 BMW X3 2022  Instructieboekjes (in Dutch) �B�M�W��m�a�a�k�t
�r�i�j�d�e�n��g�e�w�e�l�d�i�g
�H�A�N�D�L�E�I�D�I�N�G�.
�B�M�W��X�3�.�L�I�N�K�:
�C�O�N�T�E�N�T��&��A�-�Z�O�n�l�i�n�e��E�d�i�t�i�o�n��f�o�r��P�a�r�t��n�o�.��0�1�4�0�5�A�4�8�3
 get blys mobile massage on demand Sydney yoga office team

...

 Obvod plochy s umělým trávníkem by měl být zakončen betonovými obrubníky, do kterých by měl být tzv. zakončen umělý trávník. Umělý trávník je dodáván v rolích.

§ **EXERCISE**:
Please give an exact copy of the entries above, from the line with "BMW X3 2022" down to the line with "get blys mobile", inclusive, and nothing else.

§ **ANSWER SECTION**:
 BMW X3 2022  Instructieboekjes (in Dutch) �B�M�W��m�a�a�k�t
�r�i�j�d�e�n��g�e�w�e�l�d�i�g
�H�A�N�D�L�E�I�D�I�N�G�.
�B�M�W��X�3�.�L�I�N�K�:
�C�O�N�T�E�N�T��&��A�-�Z�O�n�l�i�n�e��E�d�i�t�i�o�n��f�o�r��P�a�r�t��n�o�.��0�1�4�0�5�A�4�8�3
 get blys mobile massage on demand Sydney yoga office team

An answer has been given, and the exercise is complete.